Hi Stefano,
On 28/08/2021 01:05, Stefano Stabellini wrote:
On Fri, 27 Aug 2021, Oleksandr wrote:
On 07.08.21 01:57, Julien Grall wrote:
Hi Stefano,
On 06/08/2021 23:26, Stefano Stabellini wrote:
On Fri, 6 Aug 2021, Julien Grall wrote:
Hi Stefano,
On 06/08/2021 21:15, Stefano Stabellini wrote:
On Fri, 6 Aug 2021, Oleksandr Tyshchenko wrote:
Hello, all.
I would like to clarify some bits regarding a possible update for
"Xen
device tree bindings for the guest" [1].
A bit of context:
We are considering extending "reg" property under the hypervisor
node and
we would like to avoid breaking backward compatibility.

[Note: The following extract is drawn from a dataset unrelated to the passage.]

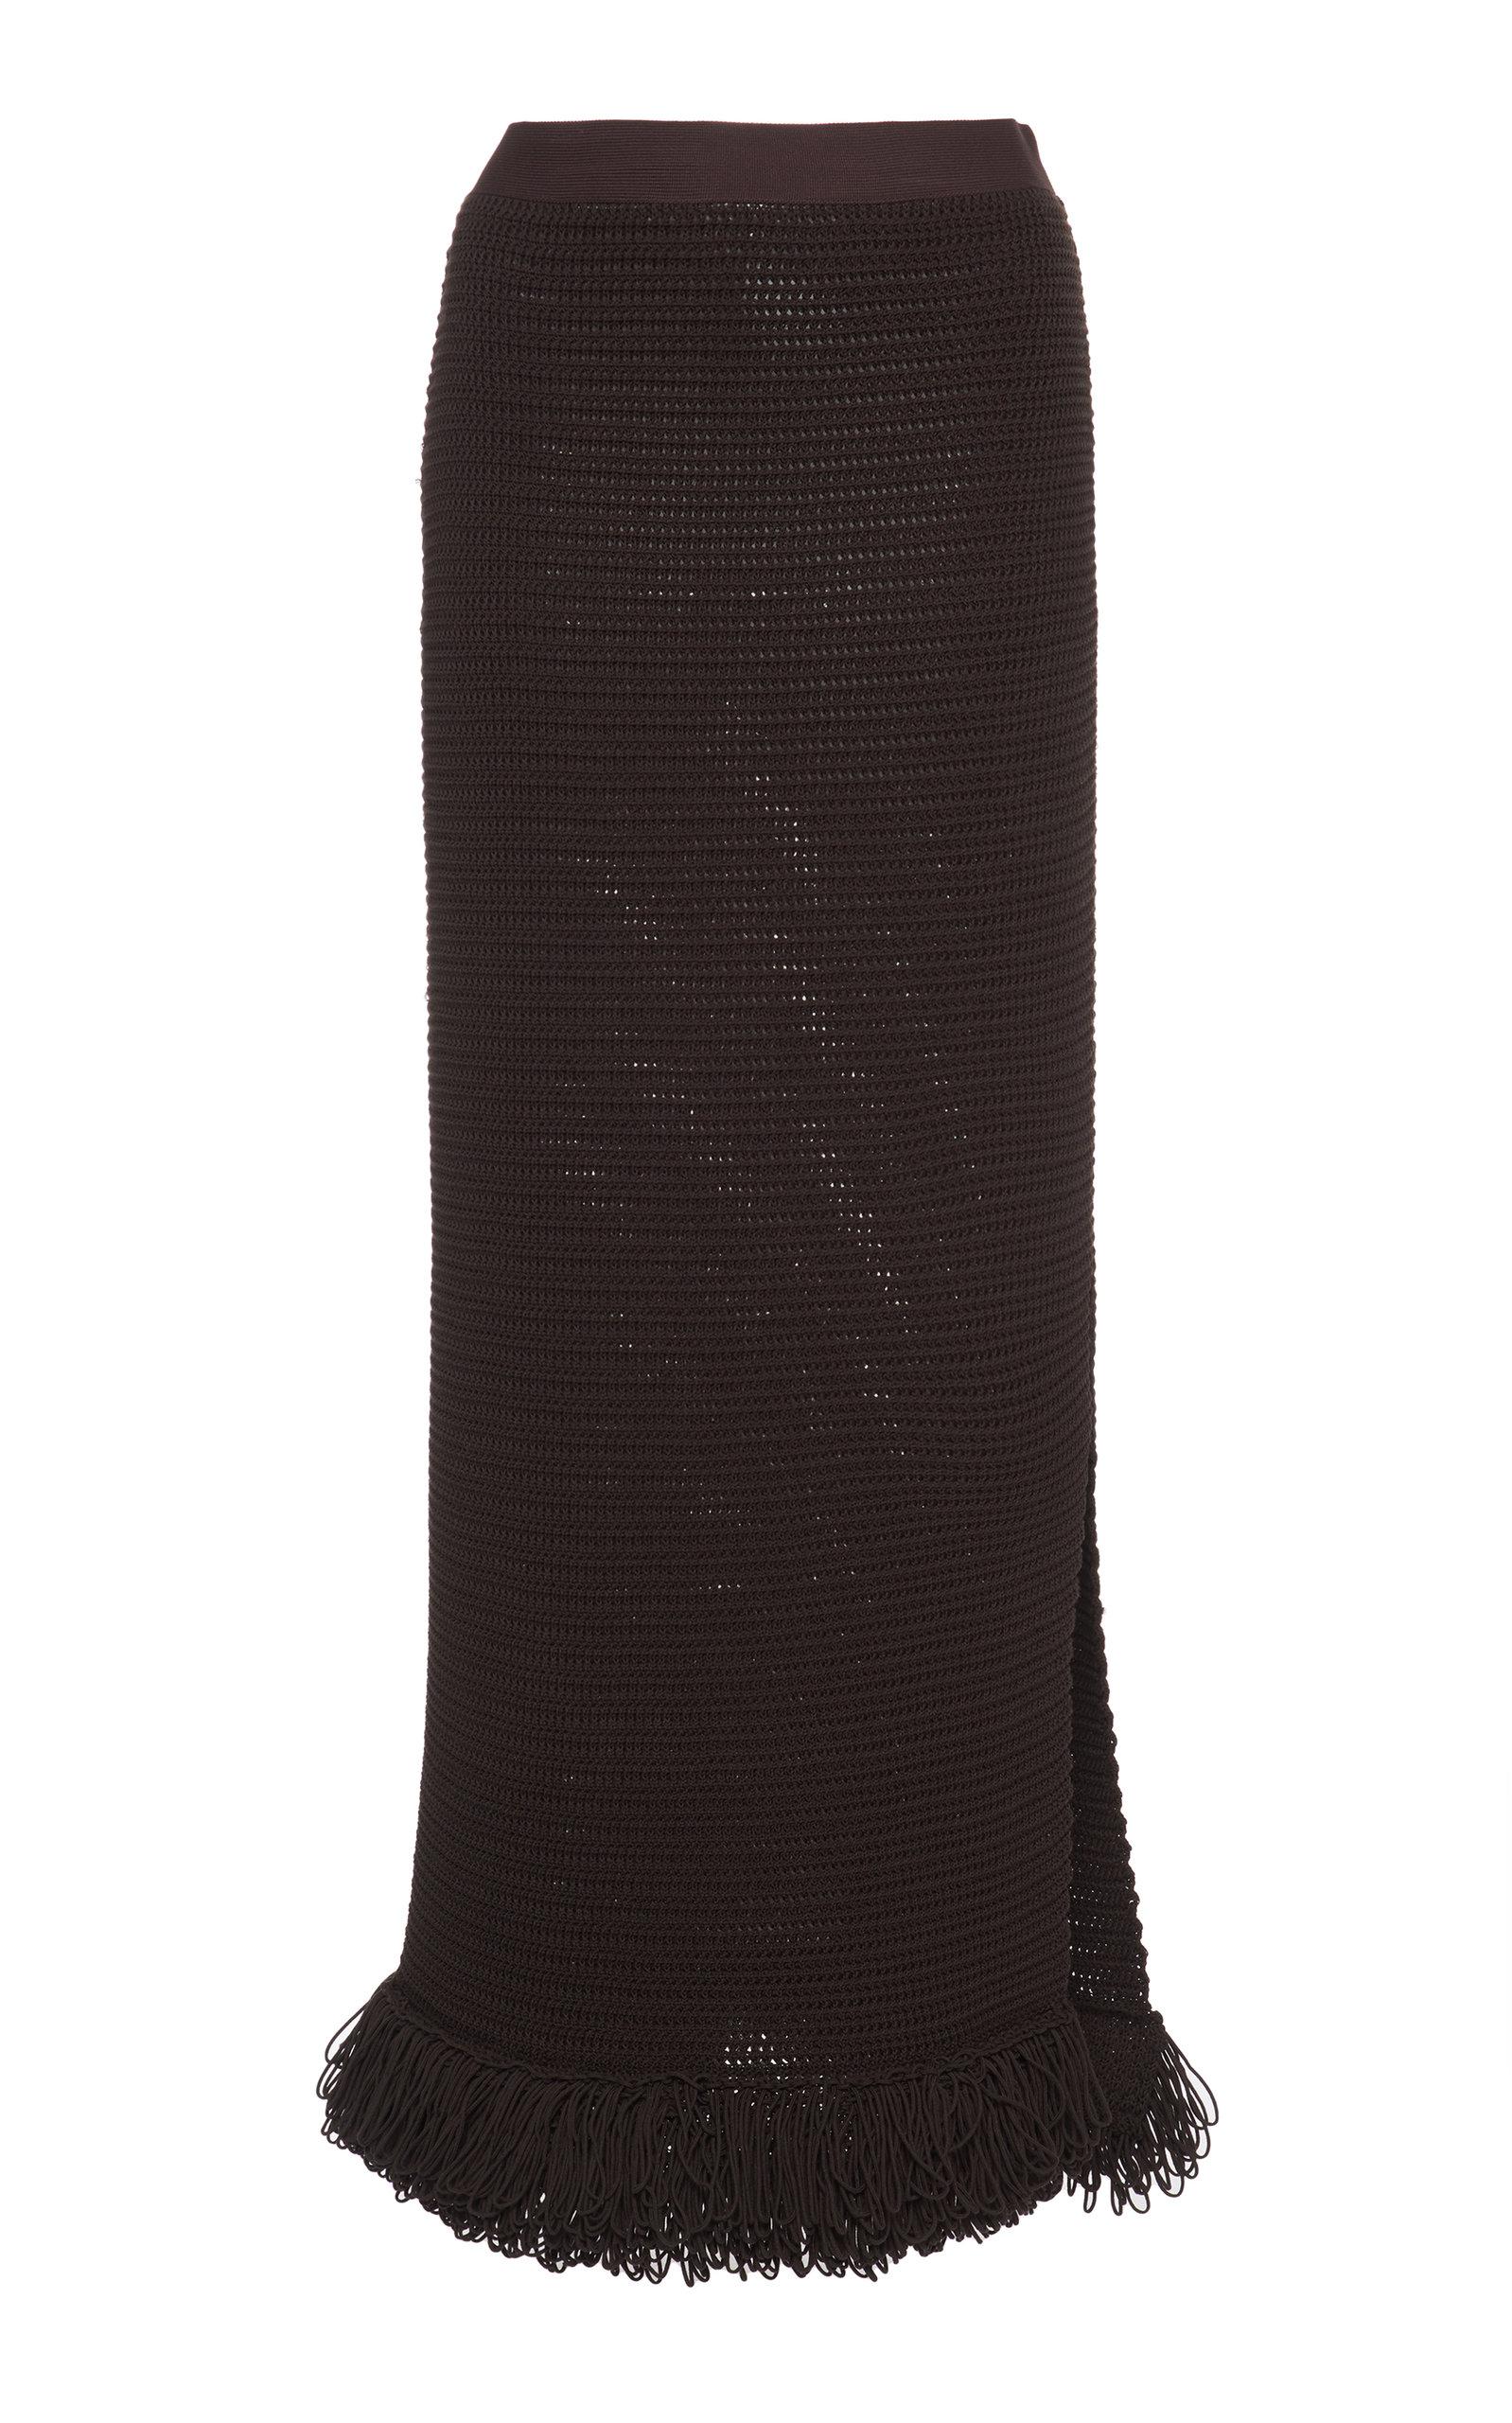 Bottega Veneta – Women's Fringed Cotton-Blend Knit Midi Skirt – Brown – Moda Operandi

So far, the "reg" was used to carry a single region for the grant
table
mapping only and it's size is quite small for the new improvement
we are currently working on.
What we want to do is to extend the current region [reg: 0] and add
an
extra regions [reg: 1-N] to be used as a safe address space for any
Xen specific mappings. But, we need to be careful about running
"new"
guests (with the improvement being built-in already) on "old" Xen
which is not aware of the extended regions, so we need the binding
to be
extended in a backward compatible way. In order to detect whether
we are running on top of the "new" Xen (and it provides us enough
space to
be used for improvement), we definitely need some sign to
indicate that.
Could you please clarify, how do you expect the binding to be
changed in
the backward compatible way?
- by adding an extra compatible (as it is a change of the binding
technically)
- by just adding new property (xen,***) to indicate that "reg"
contains
enough space
- other option
The current description is:
- reg: specifies the base physical address and size of a region in
memory where the grant table should be mapped to, using an
HYPERVISOR_memory_op hypercall [...]
Although it says "a region" I think that adding multiple ranges would
be
fine and shouldn't break backward compatibility.
In addition, the purpose of the region was described as "where the
grant
table should be mapped". In other words, it is a safe address range
where the OS can map Xen special pages.
Your proposal is to extend the region to be bigger to allow the OS to
map more Xen special pages. I think it is a natural extension to the
binding, which should be backward compatible.
I agree that extending the reg (or even adding a second region) should
be fine
for older OS.
Rob, I am not sure what is commonly done in these cases. Maybe we just
need an update to the description of the binding? I am also fine with
adding a new compatible string if needed.
So the trouble is how a newer Linux version knows that the region is big
enough to deal with all the foreign/grant mapping?
If you run on older Xen, then the region will only be 16MB. This means
the
Linux will have to fallback on stealing RAM as it is today.
IOW, XSA-300 will still be a thing. On newer Xen (or toolstack), we
ideally
want the OS to not fallback on stealing RAM (and close XSA-300). This is
where
we need a way to advertise it.
The question here is whether we want to use a property or a compatible
for
this.
I am leaning towards the latter because this is an extension of the
bindings.
However, I wasn't entirely whether this was a normal way to do it.
May I please ask for the clarification how to properly advertise that we have
extended region? By new compatible or property?
The current compatible string is defined as:
- compatible:
compatible = "xen,xen-<version>", "xen,xen";
where <version> is the version of the Xen ABI of the platform.
On the Xen side it is implemented as:
"xen,xen-"__stringify(XEN_VERSION)"."__stringify(XEN_SUBVERSION)"\0"
So in a way we already have the version in the compatible string but it
is just the Xen version, not the version of the Device Tree binding.
Looking at the way the compatible string is parsed in Linux, I think we
cannot easily change/add a different string format because it would
cause older Linux to stop initializing the Xen subsystem.
AFAICT, Linux doesn't care about extra compatible after "xen,xen". So in
theory we could write:
"xen,xen-<version>", "xen,xen", "xen,xen-v2".
So one option is to rely on a check based on the Xen version. Example:
version >= xen,xen-4.16
This option would prevent a stakeholder to backport the work to older Xen.
Or we need to go with a property. This seems safer and more solid. The
property could be as simple as "extended-region":
hypervisor {
compatible = "xen,xen-4.16", "xen,xen";
extended-region;
reg = <0 0xb0000000 0 0x20000 0xc 0x0 0x1 0x0>;
interrupts = <1 15 0xf08>;
};
Julien, do you have a better suggestion for the property name?
I am a bit confused with the name you suggest. To me it looks this would
be used to indicate whether "reg" has one or more regions.
But I don't think we need a property for that. What we need to a
property for is to indicate whether the first region is safe to use (see
the discussion about the grant table).
So can you clarify what you expect to convey with this property?
Although, at the moment, I don't have a good name to suggest.